Seguía la línea recta de la avenida. Los ojos semicerrados miraban hacia la barandilla del Ebro. El agua continuaba su camino sin la esperanza de dar vida. Bajo el puente de Piedra se escapaban dos mil años de historia. Sobre sus arcos yacían más zaragozanos. Muertos. Cada pisada aguantaba frágilmente el peso de su cuerpo. Cada pisada hacía caer al suelo una lágrima de impotencia.
Ni un ápice de vida. No quería escuchar el susurro del agua. Atraía a su mente recuerdos de la Historia que estudió en las aulas viejas del colegio de Montemolín. Los hermanos elogiaban el espíritu del hombre y sus logros en el tiempo. ¡Qué ironía!

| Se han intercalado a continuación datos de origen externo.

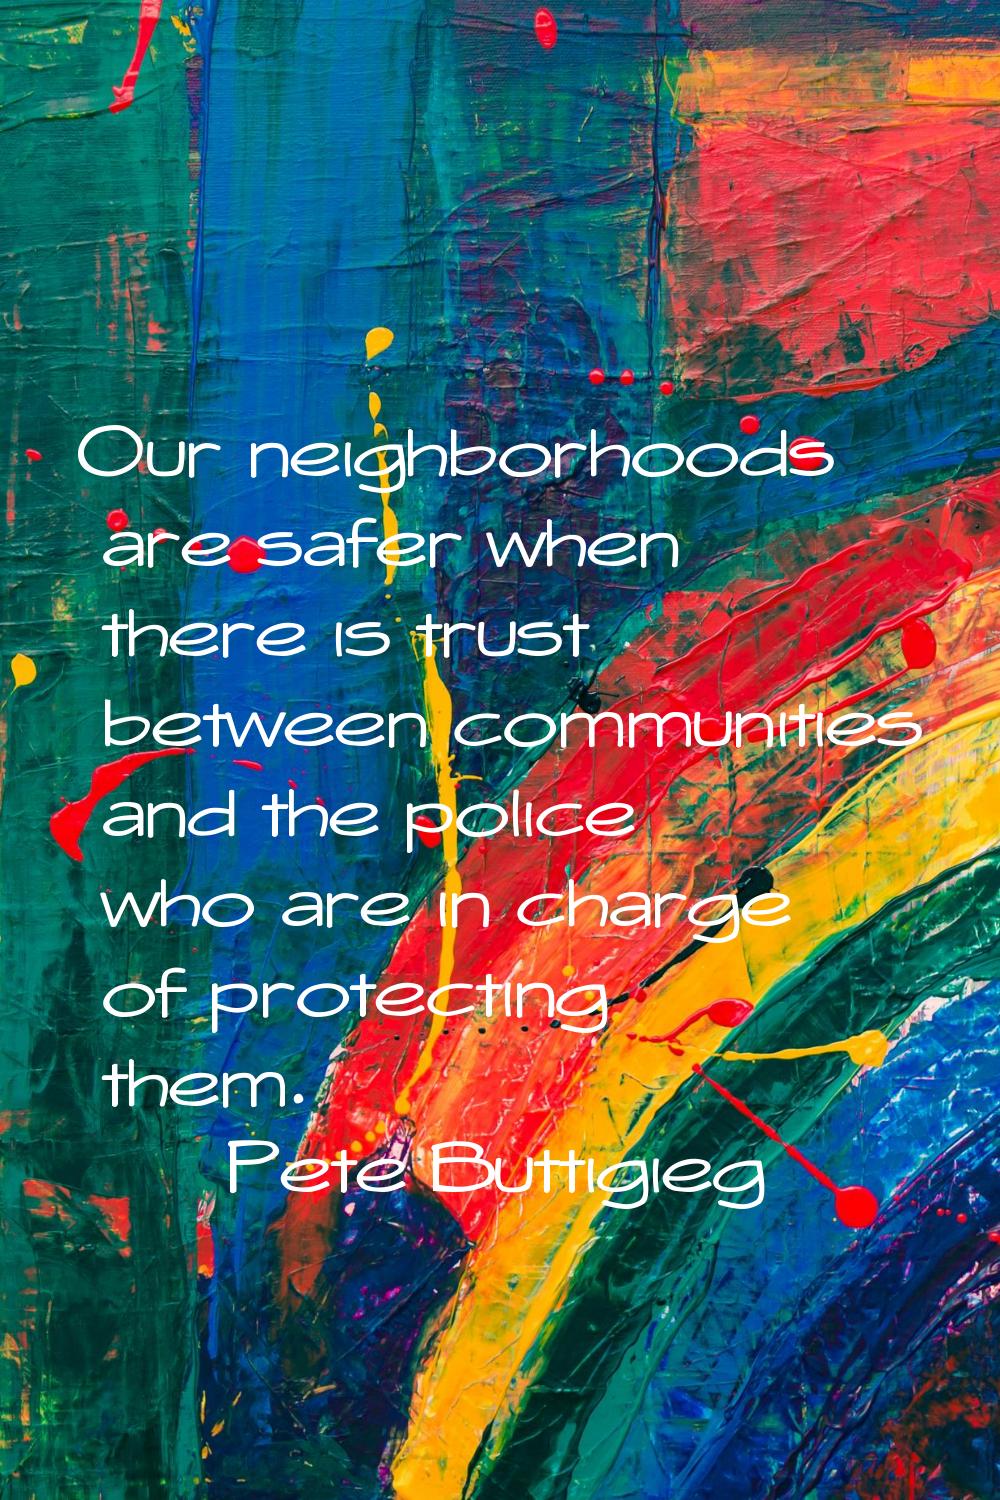 Our neighborhoods are safer when there is trust between communities and the police who are in charg

Ahogaba los kilómetros de la avenida con la vista del río que no había muerto y con sus nostalgias inútiles. Se resistía a evocar a Sergio, a Elisa. Tenía miedo a desfallecer.
Su calle estaba vacía, silenciosa, iluminada. Los muertos la habían respetado. Se detuvo ante el portal y miró arriba, al tercer piso, el último del edificio. Había una ventana entreabierta. Entró al patio y acarició las plantas artificiales. Evitó la espera del ascensor y subió una a una, lentamente, las escaleras. Buscó en sus bolsillos las llaves y encontró la cartera. Se le cayó de las manos. Quedó abierta en el suelo mostrando una fotografía de tres personas sonrientes. La pisó. Entró en casa. Caminó hasta el dormitorio. Empujó la puerta suavemente esperando lo imposible. Elisa abrazaba a Sergio. Un hilo de sangre seca descendía de su oído derecho. Apenas podía ver a Sergio. La madre lo protegía con todo su cuerpo. Adán se acercó sereno y besó sus mejillas. Se sentó en el borde la cama y abrió el cajón de la cómoda. Cogió la pistola, la apoyó en su sien y disparó.